Мирослава тянула газету изо всех последних бабских сил. Но – не срослось. И, «выйдя на свободу», после месяца безденежных мытарств она пришла в «Прикамскую звезду».
Если в «Репортере» Мирослава ожесточенно писала на серьезные темы, то в «Звезде» равнодушно освещала всякую заказную хрень. Она даже не смотрела готовую верстку, что должны делать все без исключения корреспонденты. Ей было, как сейчас говорит молодежь, по барабану.
У Мирославы сложилось впечатление, что в этой газетенке никому ничего не надо. Профессиональный уровень ее журналюг, как мы уже отметили, оставлял желать лучшего. А редакторы даже не помнили заданий, которые сами же и выдавали. О чем тут еще говорить?

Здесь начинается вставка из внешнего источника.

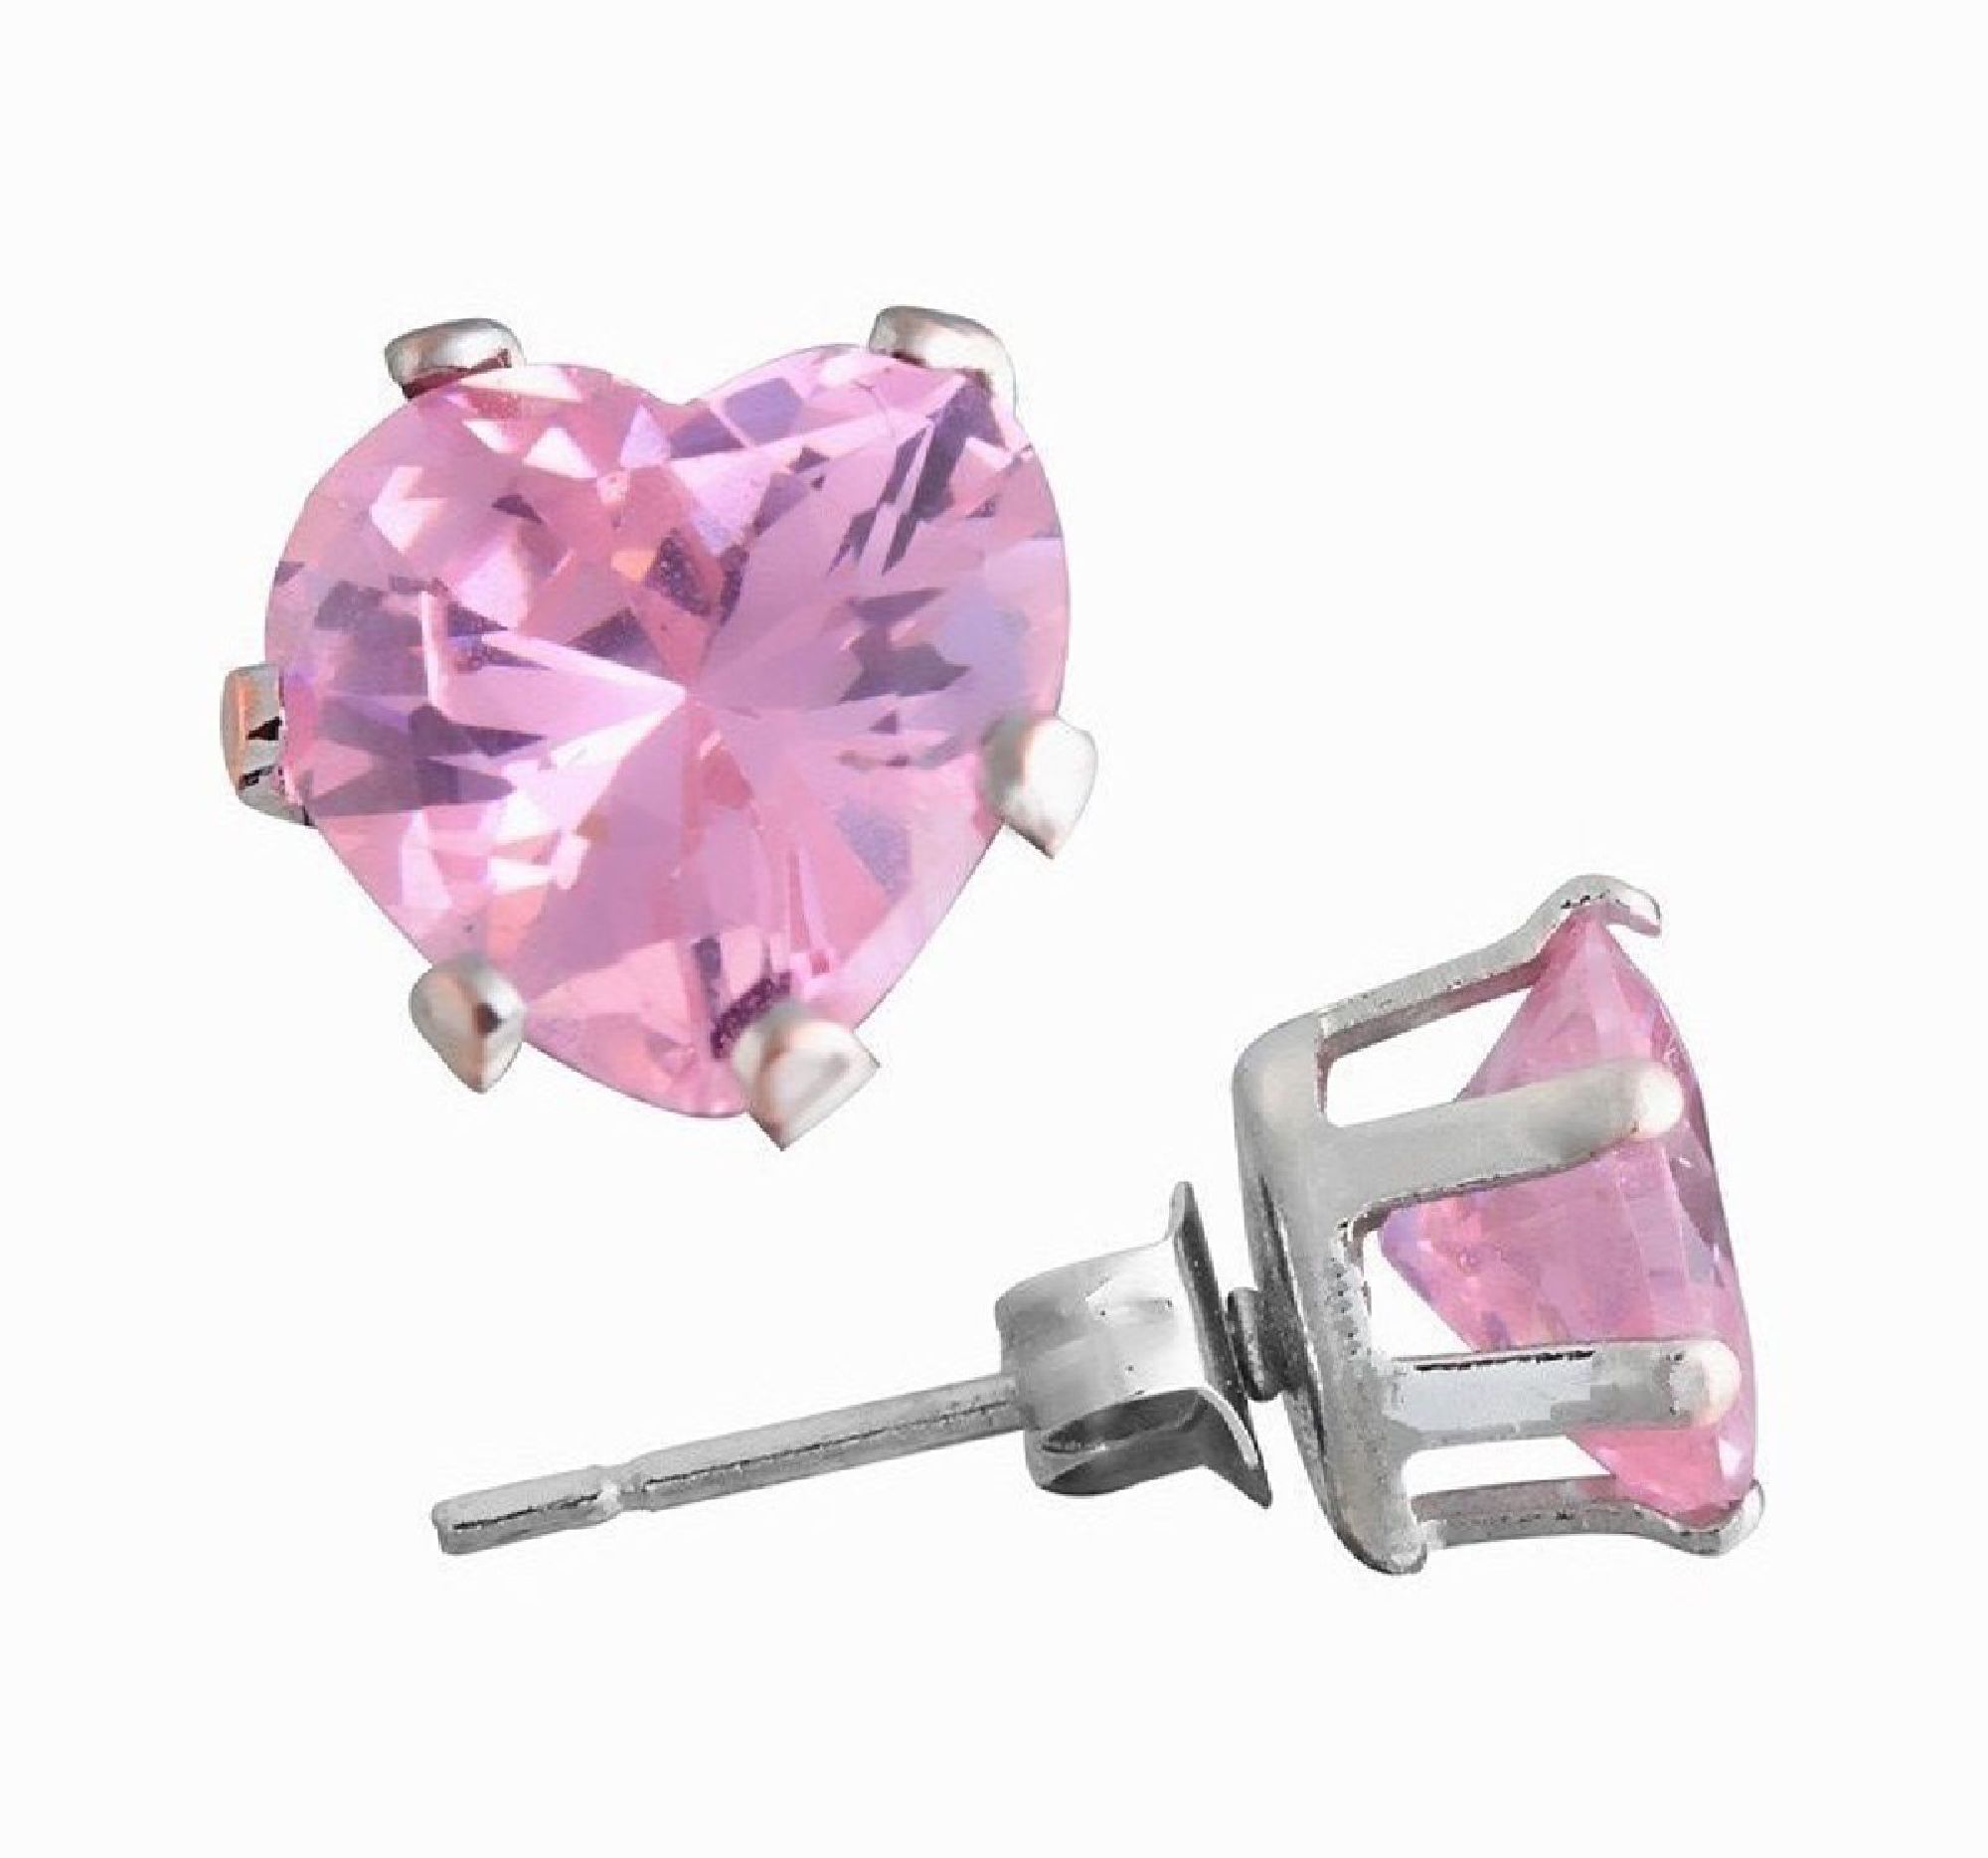 ParisJewelry.com 3 Carat Heart Shape Pink Diamond manmade Stud Earrings for Woman in 14k White Gold over Sterling Silver Designed in France

И Мирослава сделала вывод, что чем глупее и бездарнее они, тем больше у них претензий и гонора.
И самое страшное – Мирослава стала писать заметно хуже, словно повинуясь поговорке: с волками жить – по-волчьи… статьи строчить.
Иногда ей даже не хотелось приходить на службу, чтобы не видеть этих тупо-самоуверенных лиц своих коллег.
Очарованная даль
Но не будем о грустном. Ведь все, что ни делается, делается к лучшему. В немалой степени тому поспособствовал новогодний корпоратив.

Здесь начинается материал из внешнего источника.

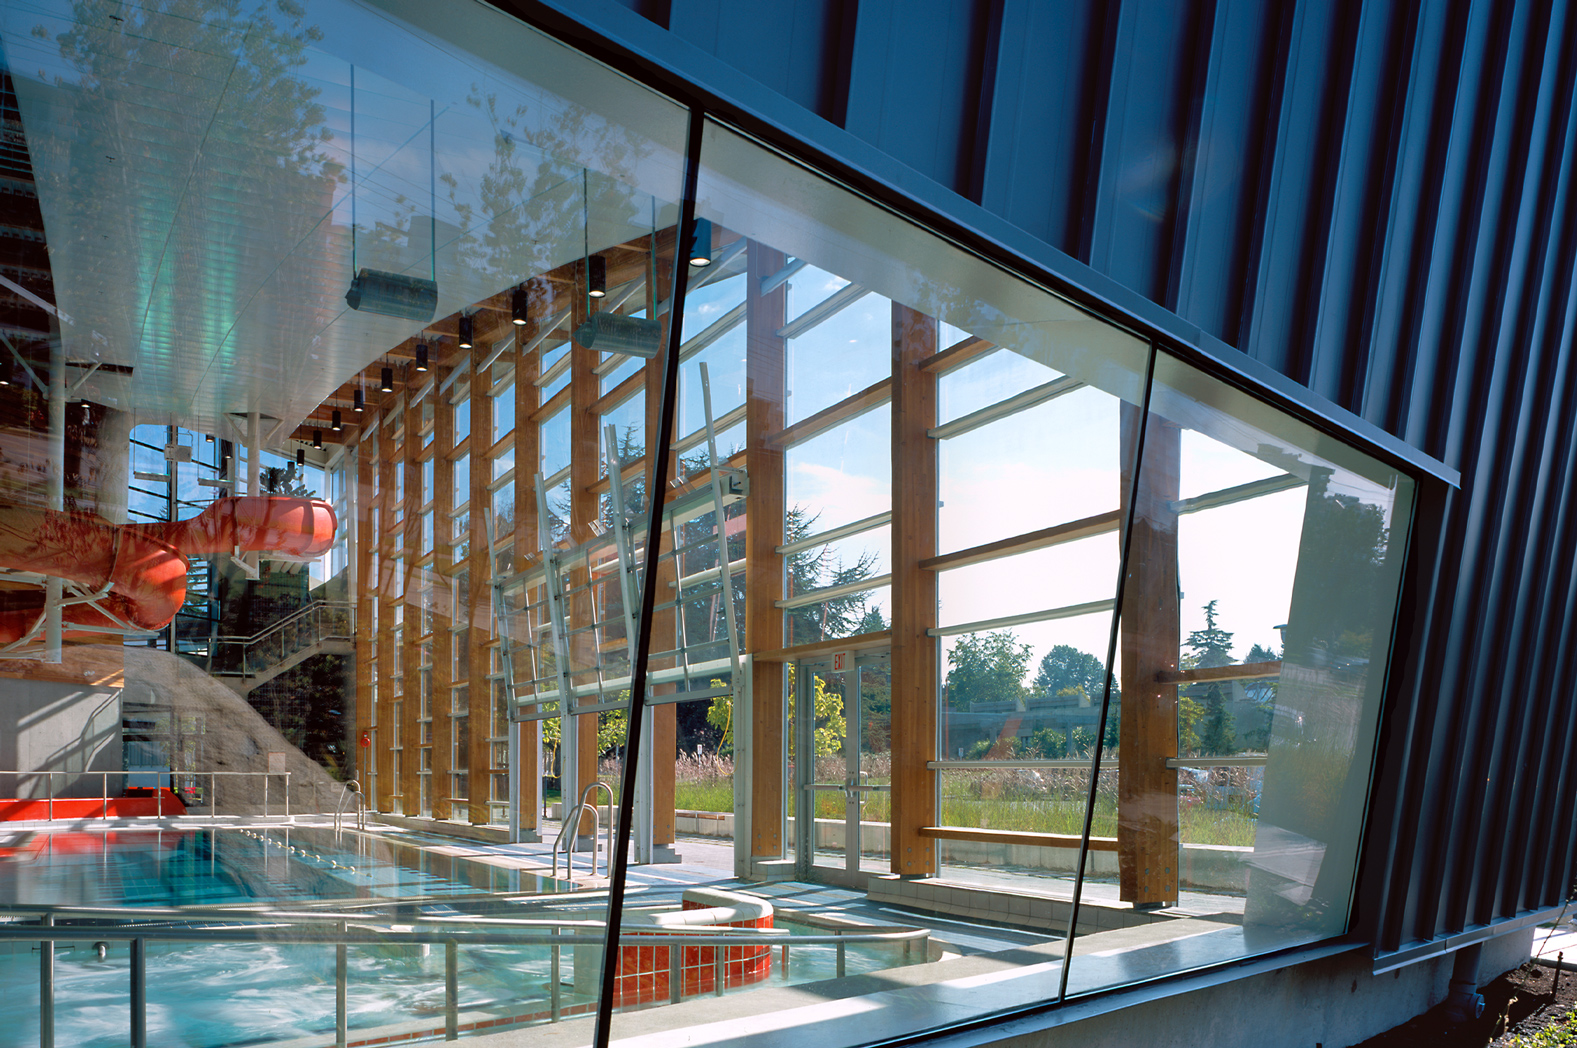 Looking through an outdoor window into the indoor pool, showcasing the large red slide and space that the windows create.

Корпоратив – это когда можно обожраться и нажраться совершенно бесплатно за хозяйский или казенный счет! То есть на халяву! А за чужой счет, как явствует из известного фильма, пьют и трезвенники, и язвенники.

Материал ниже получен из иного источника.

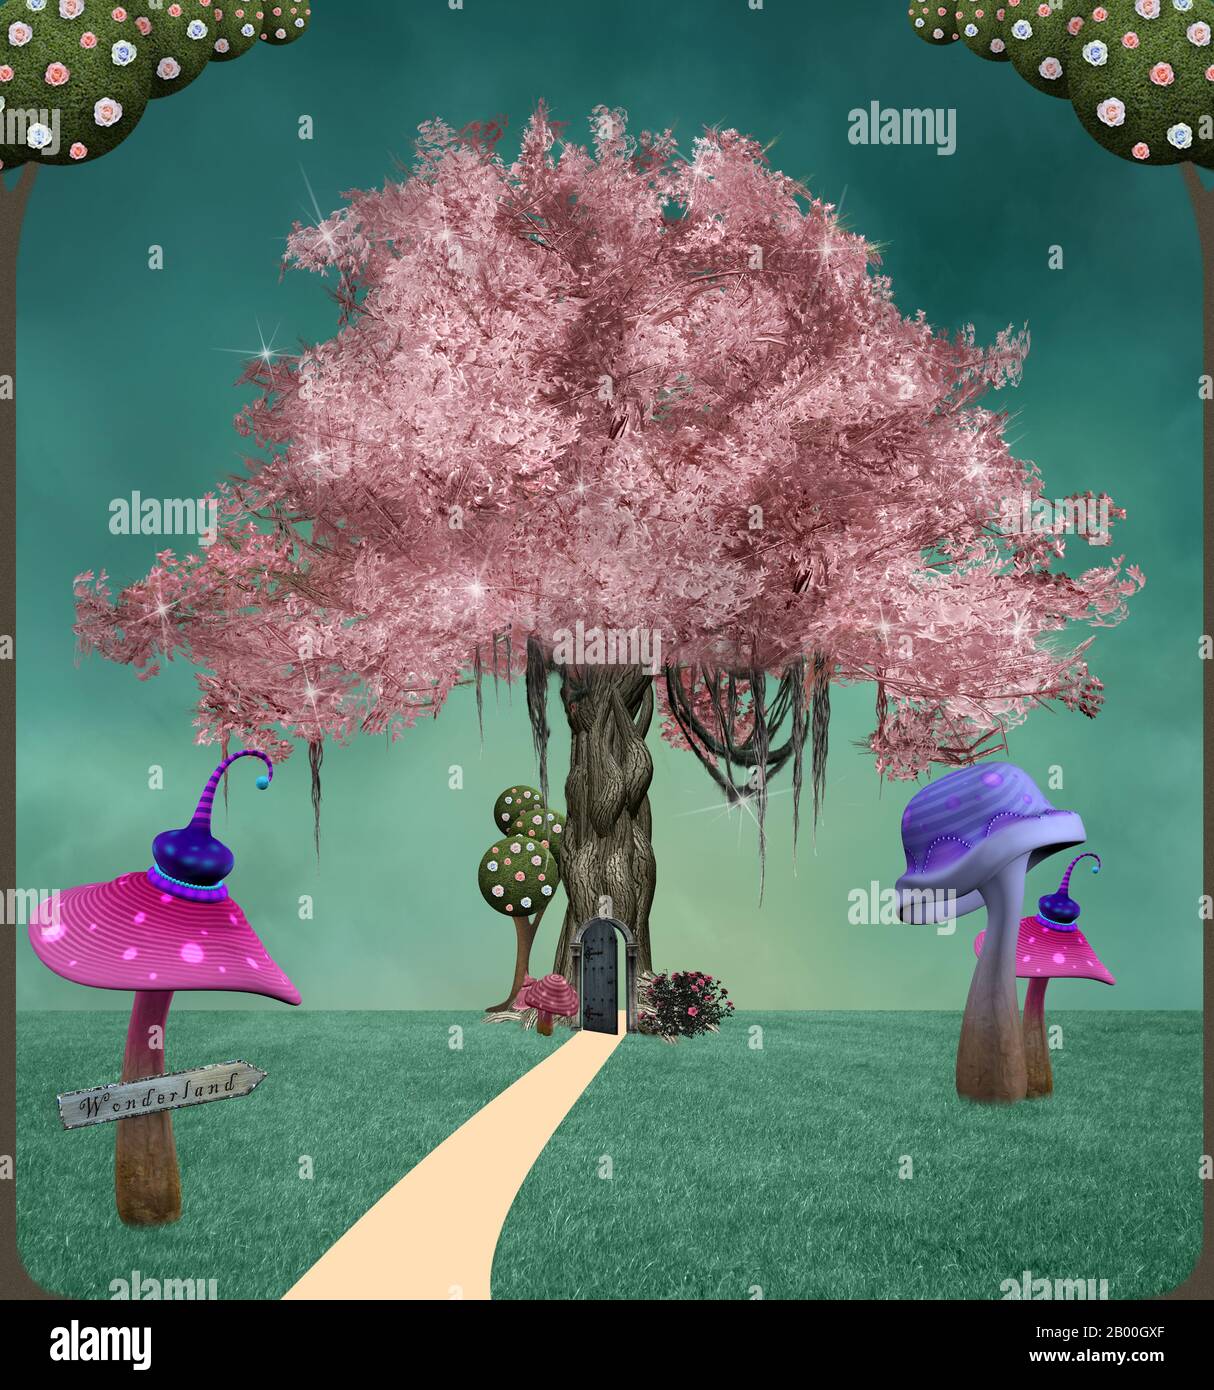 Pink tree in a fantasy garden with colorful mushrooms Stock Photo

Корпоратив якобы сплачивает работников как ничто другое и прививает холуйскую любовь к руководству учреждения за его типа заботу и внимание. Хотя внимание можно выразить иначе, например повысить зарплату или выплатить премию. Но, как говорится, начальству видней.
Поэтому Мирослава не любила корпоративы. Они казались ей унизительными. Даром только, как говорят мусульмане, за Аллах акбаром. «Минуй нас пуще всех печалей и барский гнев, и барская любовь», – всегда говорила она по этому поводу.
Но ее уломала Надежда Воронова. Да и самой Мирославе, если честно признаться, очень захотелось снова увидеть Василия.
В этот предновогодний вечер Мирослава выглядела обольстительно. На ней было зеленое платье. Она сделала прическу, надела бусы и даже сережки, превратившись из зеленоглазого мальчугана в светскую даму.
Бэзл, увидев ее, даже чуть не сбился с одной четвертой доли такта на одну вторую. Ему захотелось встать, заткнуть рот воспевающему чью-то несчастную любовь Азану и прочитать вслух:
– И медленно пройдя меж пьяными, всегда без спутников, одна дыша духами и туманами, она садится у окна. И веют древними поверьями ее упругие шелка, и шляпа с траурными перьями, и в кольцах узкая рука. И, странной близостью закованный, смотрю за темную вуаль, и вижу берег очарованный и очарованную даль…
На этот раз она в компании нескольких девушек сидела не в углу зала, как в первый раз, а с краю от общего длинного стола, как раз у сцены. Несколько раз взгляды ее и Василия снова встречались. Она даже пару раз улыбнулась ему.
Началась коллективная пьянка с того, что патриотично настроенные журналюги исполнили «В лесу родилась елочка» под Гимн России (группа «ВДВ» весь вечер работала на совесть). И даже прошлись хороводом вокруг елки. Народные слова очень хорошо ложатся на эту торжественную мелодию.
А думский депутат, вырядившись балаганным Дедом Морозом и призвав на помощь все свое косноязычное красноречие, пожелал своим подшефным дальнейших успехов в деле оболванивания читателей, слушателей и зрителей.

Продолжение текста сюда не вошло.